Blair and Ahern have worked for months to orchestrate the talks, considered the most important since the discussions that led to the last Northern Ireland breakthrough, the Good Friday agreement, in 1998. The current discussions were expected to last at least until Saturday, with Blair and Ahern acting as mediators.

Unionist negotiators are demanding a commitment from Sinn Fein that the Irish Republican Army will disarm, decommission its weapons and renounce violence, moving its struggle to unite Northern Ireland with Ireland to the political sphere. Sinn Fein is considered the political wing of the IRA.

"They know what has to be done. The question is, do they have the will to do it?" said David Trimble of the Ulster Unionist Party, considered more moderate than Paisley's group.

Trimble, who is also participating in the talks, said that continuing paramilitary activity, "particularly by the IRA," had doomed the Northern Ireland assembly two years ago, and only an end to all such activity would allow power-sharing to resume.

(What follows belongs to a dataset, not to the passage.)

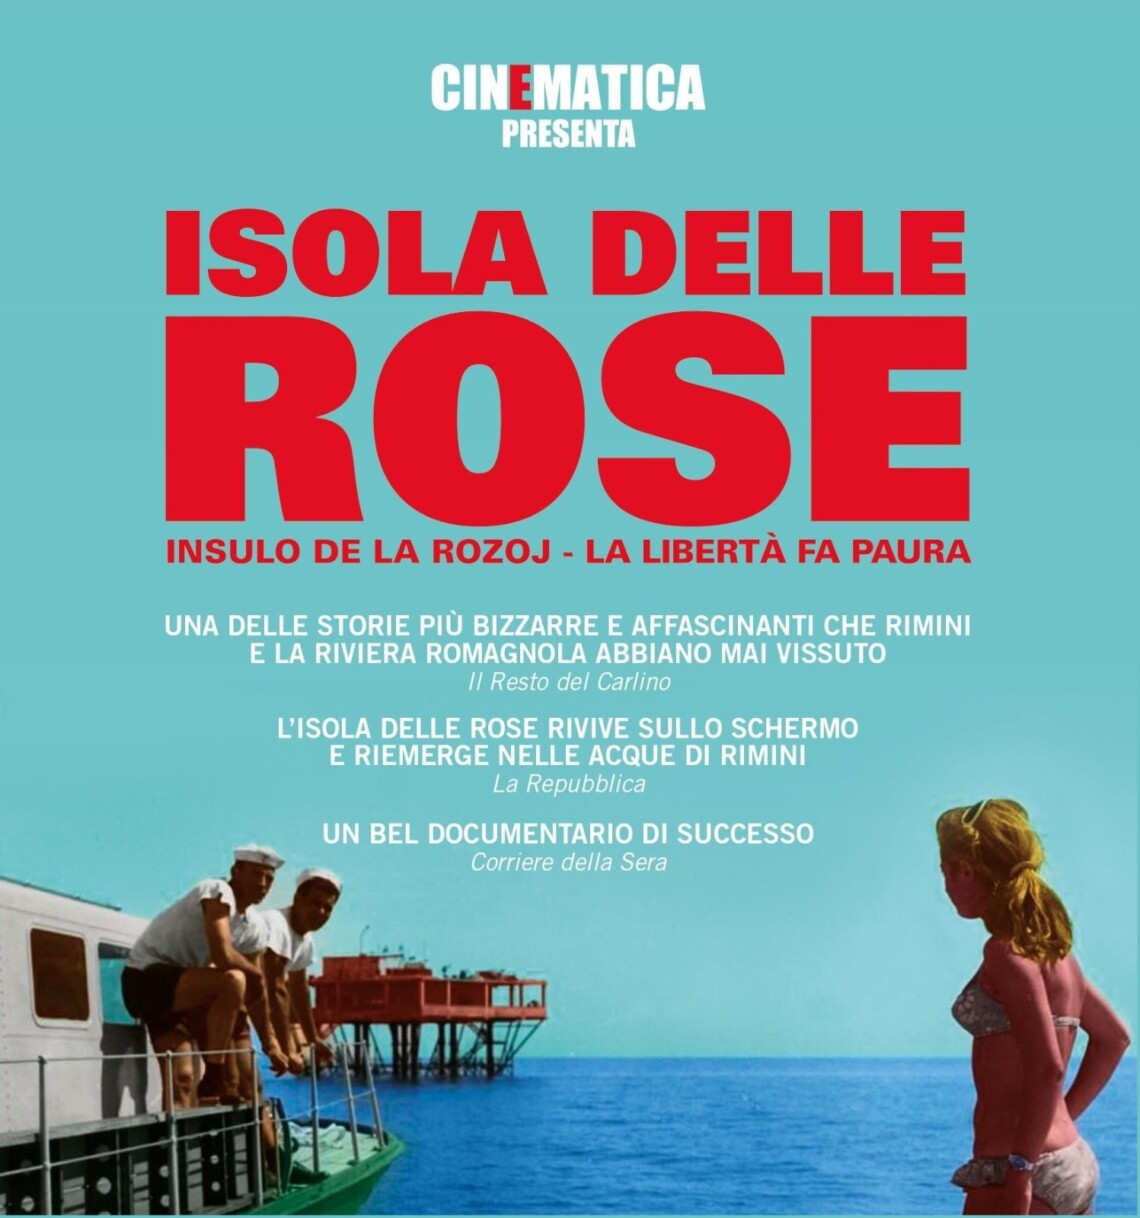 Like in the Movies - L’incredibile storia dell’isola delle rose

It would be the first time that Sinn Fein and Paisley's DUP -- parties representing the more extreme views of their respective constituencies -- have sat down together for peace negotiations.

Before the talks, Adams was hinting broadly that Sinn Fein would go the extra mile to accommodate its critics.

"A deal between Sinn Fein and the DUP is inevitable," Adams said. "Will it happen this weekend? We are here to make it happen this weekend."

Blair and Ahern framed the talks as a crucial attempt for the parties to find their way back from the abyss.

"This is the moment of decision," Blair said. "We need sustainable and durable institutions of governing in Northern Ireland. We have therefore to be very sure about an end to paramilitarism of whatever kind."